Figure 10.

(A) Proposed model of spindle morphogenesis. The centrosomes separate to the prophase steady state determined by the balance of a constant outward dynein force and the sum of the inward Ncd force and nuclear elastic force. (B) Snapshot of the computer simulation. The yellow curve above shows the predicted level of dynein activation. The red shading of the cortex indicates the predicted graded actin density (bright, high density; dark, low density). Note that the nucleus is deformed and pressed against the actin cortex. (C) Hypothesis I: Depletion of “inner” astral MTs decreases the inward dynein force on centrosomes but increases the inward Ncd force.
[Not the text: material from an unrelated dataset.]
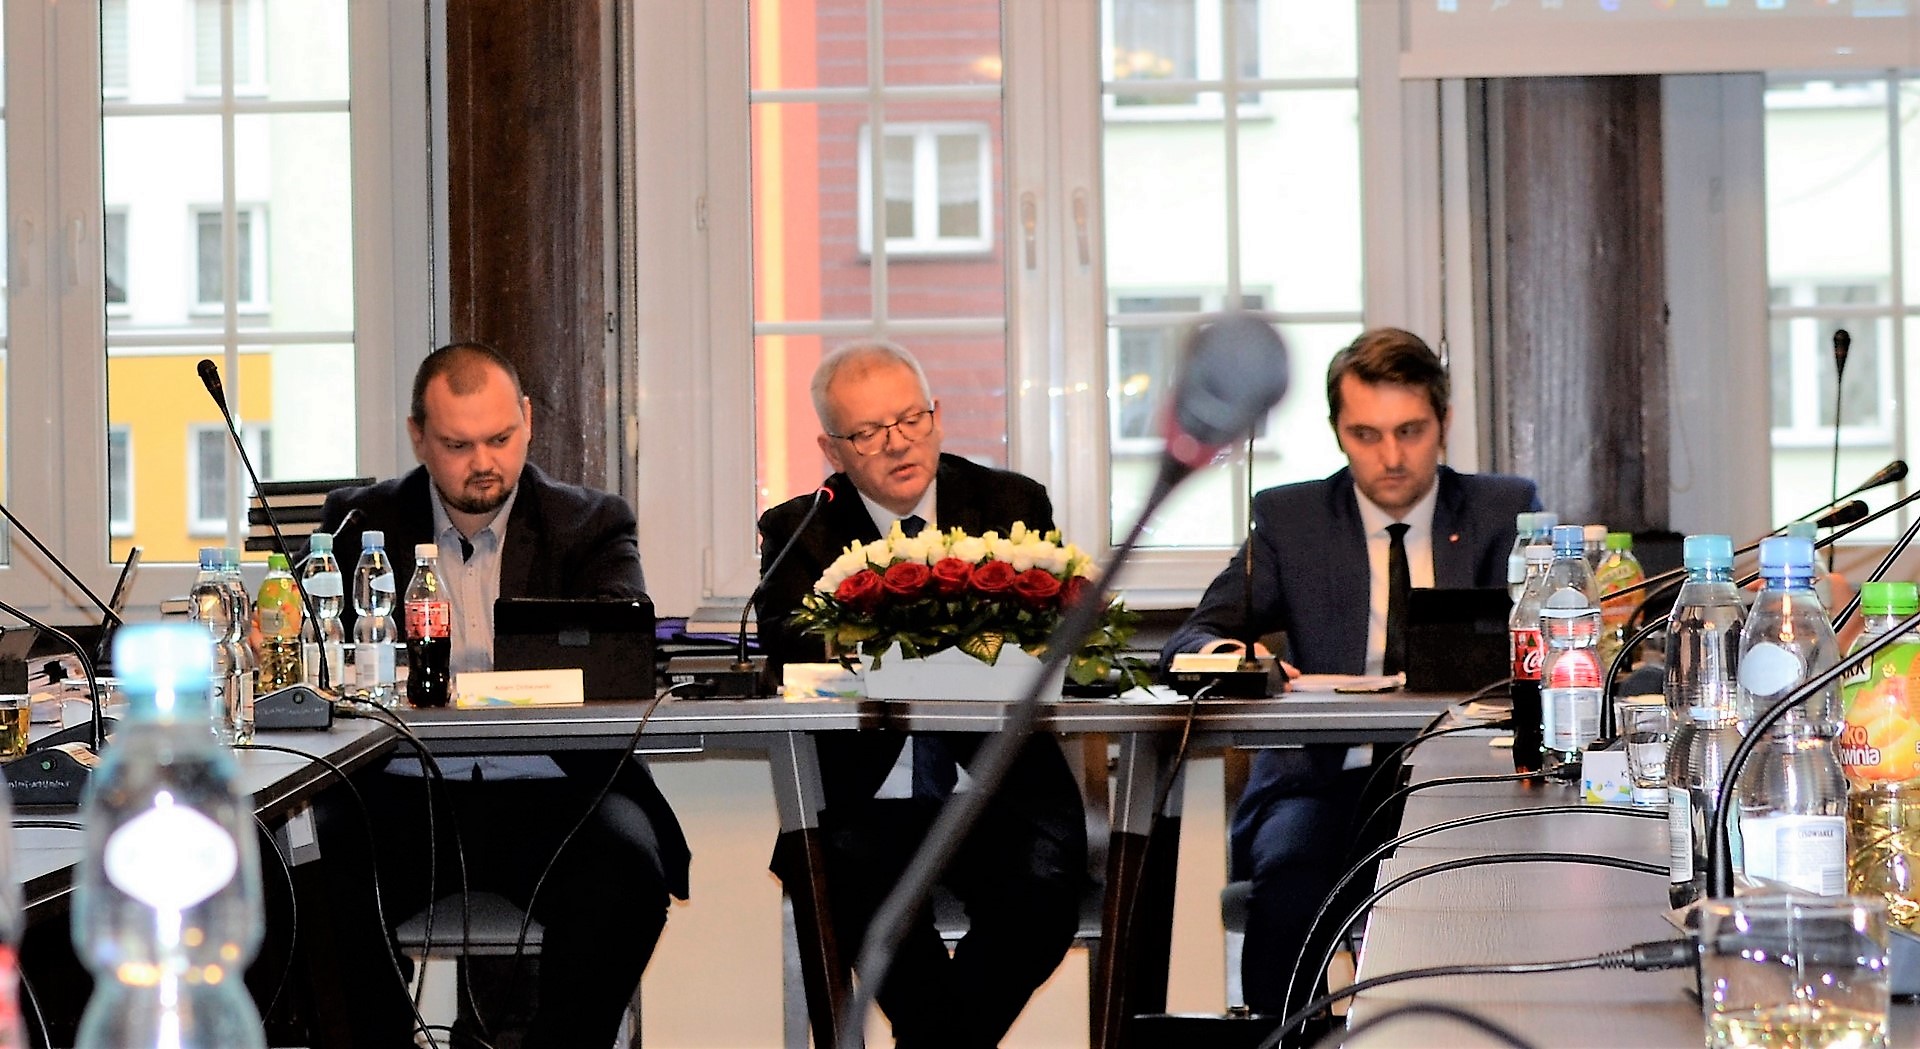 Zdalne sesje rad gmin możliwe. Sejm w piątek zajmie się ustawą

However, short ipMT bundles limit the Ncd force when the centrosomes are close, but, as centrosomes separate, the Ncd force grows to match the outward force generated by dynein at the cortex. (D) Hypothesis II: MT tips locally inhibit dynein at the cortex. In the vicinity of the centrosomes and at the spindle equator, MT tips from both poles overlap, so there is a high effective density of MT tips, and dynein is inhibited. In the regions distal to the centrosomes, MT tips from only one pole reach the cortex, so there is a low effective density of MT tips, and dynein is active. Note that dynein is active where it can generate the outward forces.